**Task brief:**
For this exercise, reproduce only the lines from the one holding "Craftsman 917 27076 Users Manual on" through the final line of the data below, exactly, and omit pictures.

**Given information:**
■ ■ ■ ■ ■ ■ ■

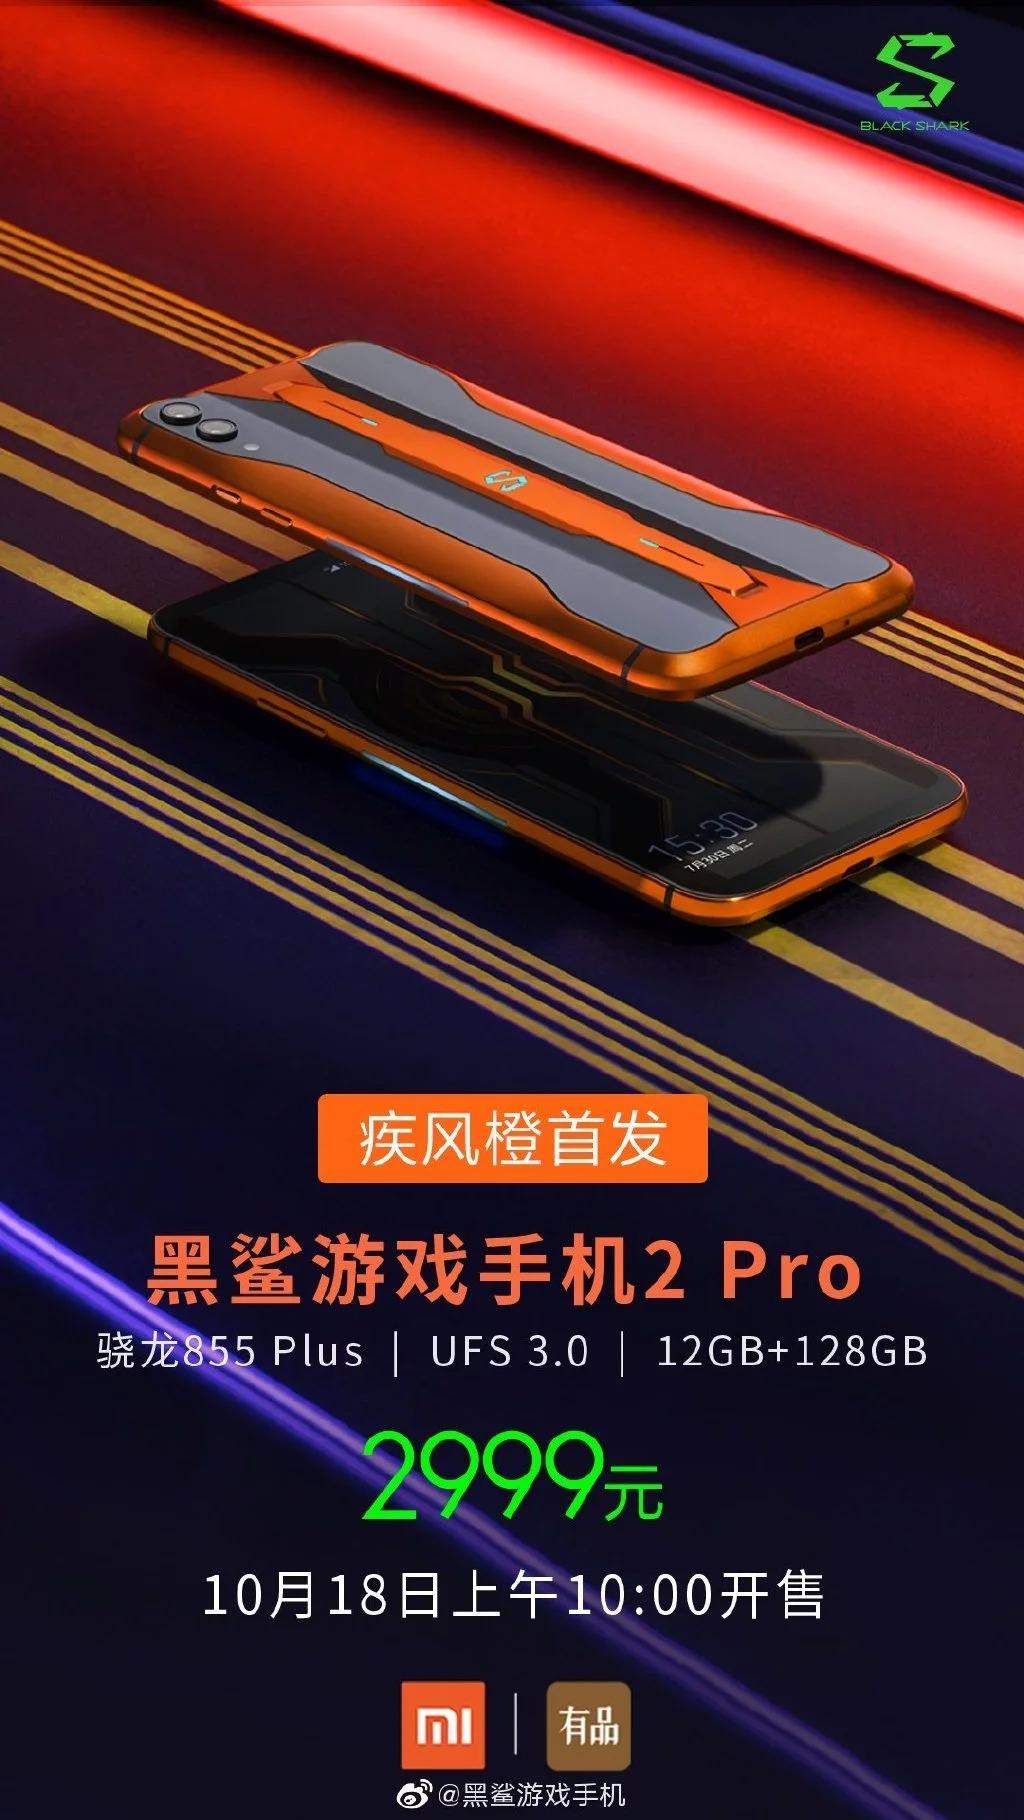 Black Shark 2 Pro está
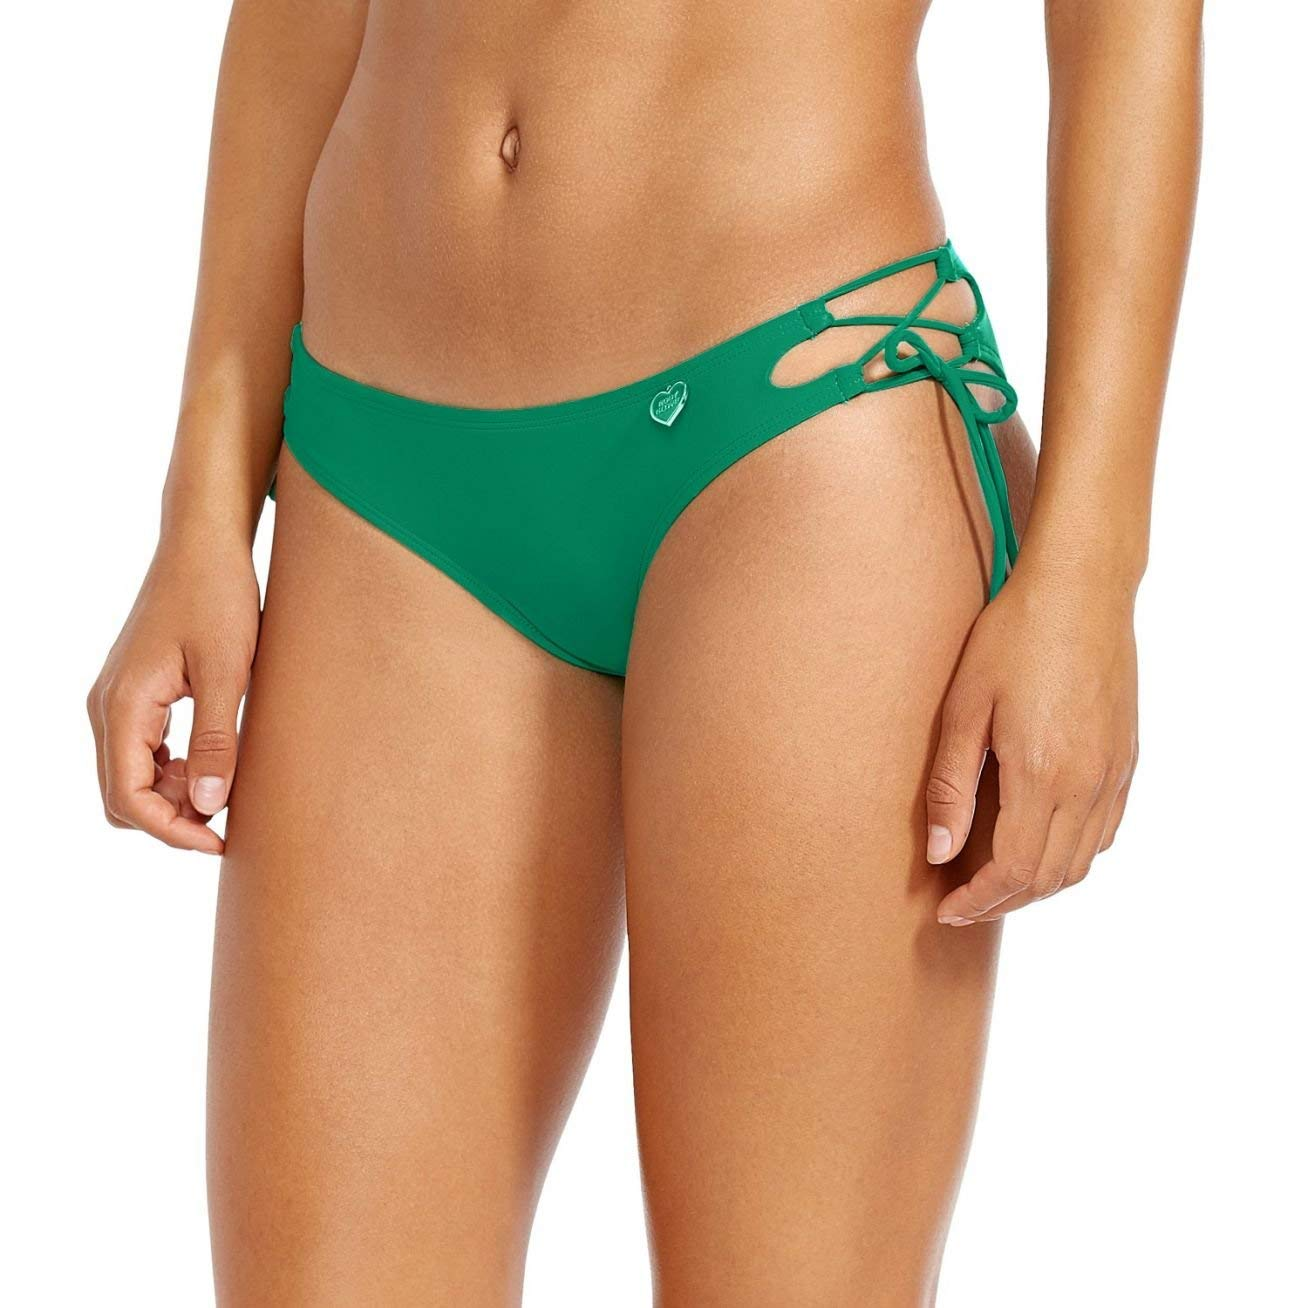 91758fd1cd Amazon.com  Body Glove Women s Smoothies Tie Side Mia Mid Coverage Bikini  Bottom Swimsuit  Clothing
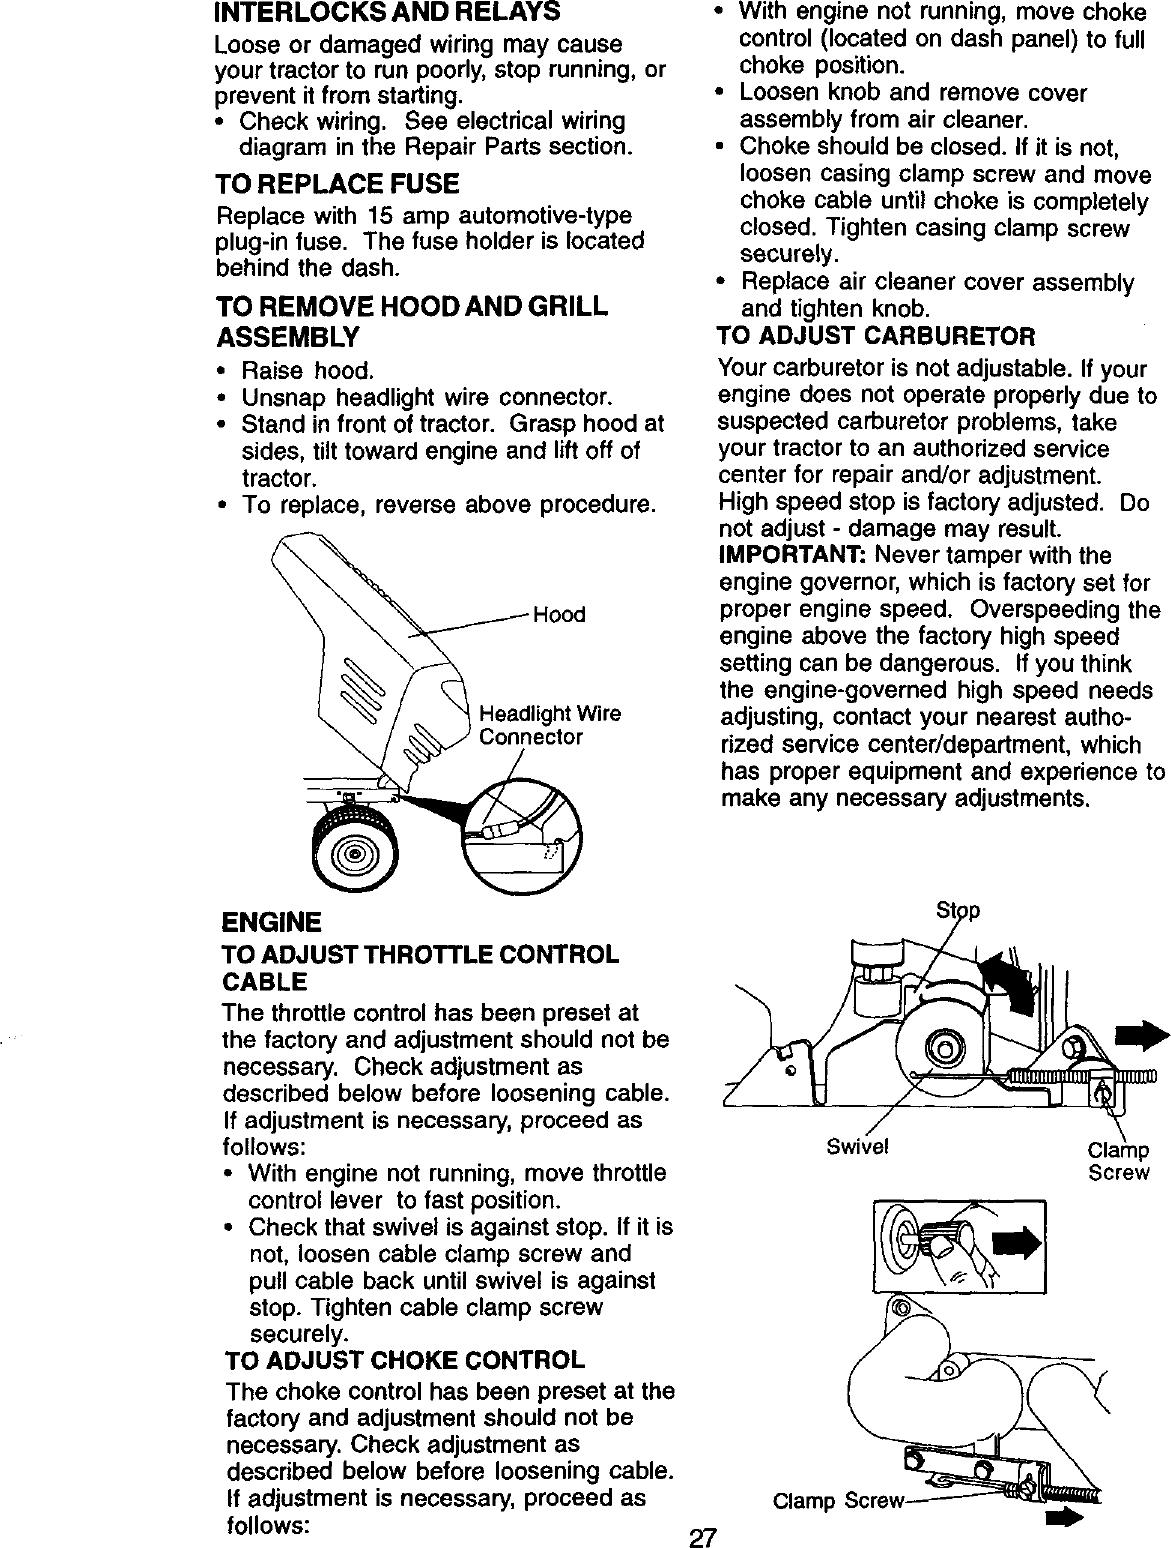 Craftsman 917 27076 Users Manual on
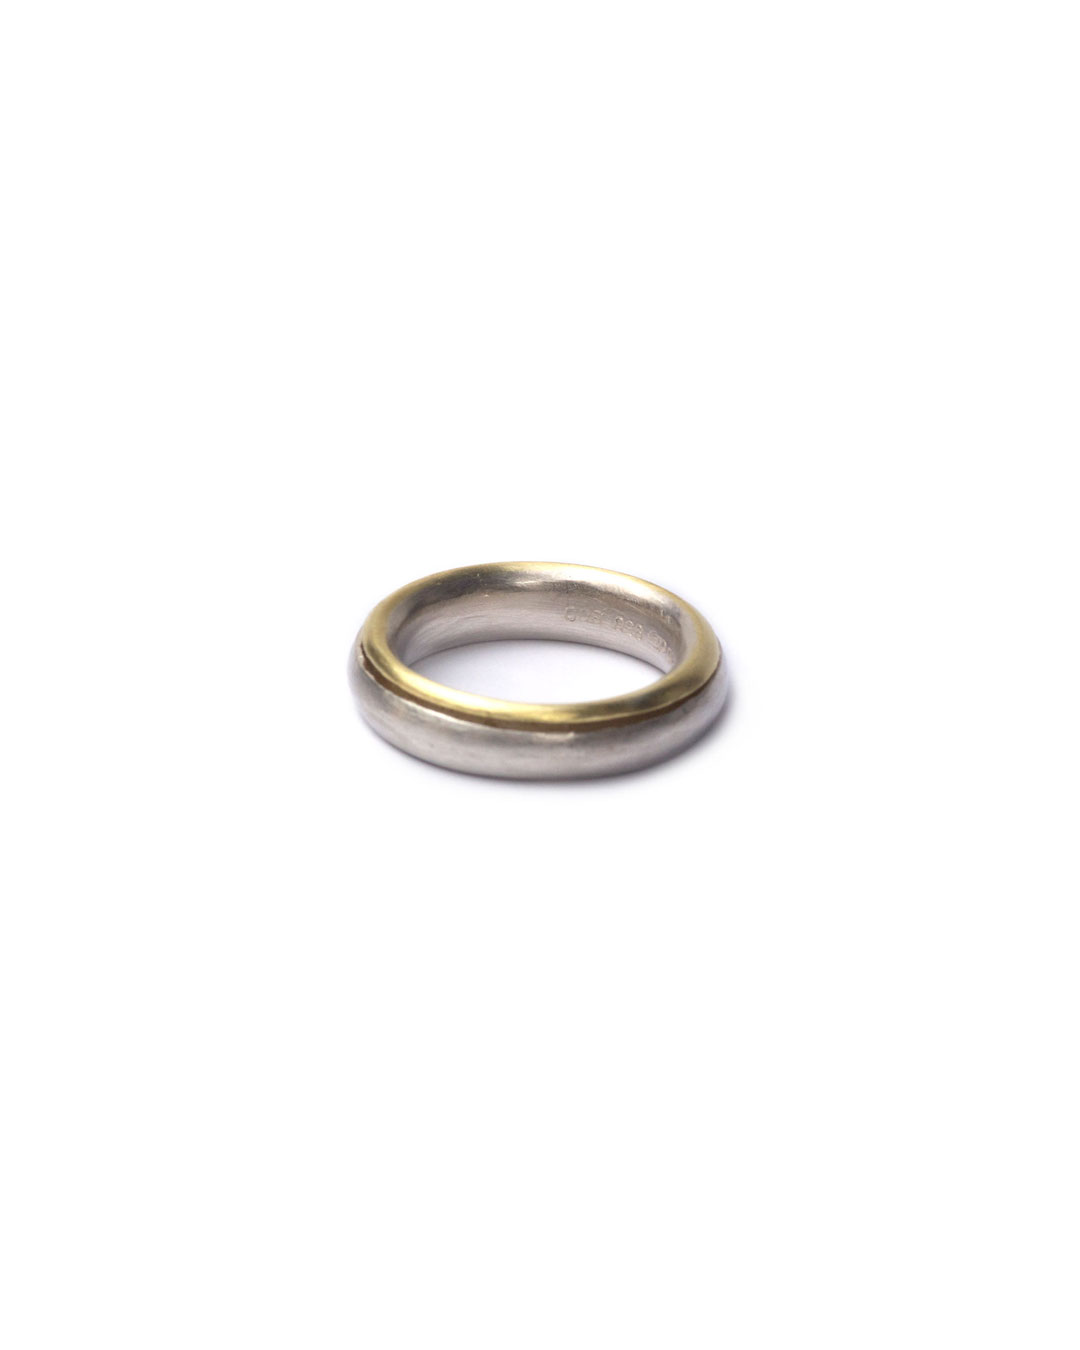 Okinari Kurokawa, untitled, 1998, ring; 970 silver, 900 gold, ø 22 x 5 mm

■ ■ ■ ■ ■ ■ ■

**Reply to the exercise:**
 Craftsman 917 27076 Users Manual on
 Okinari Kurokawa, untitled, 1998, ring; 970 silver, 900 gold, ø 22 x 5 mm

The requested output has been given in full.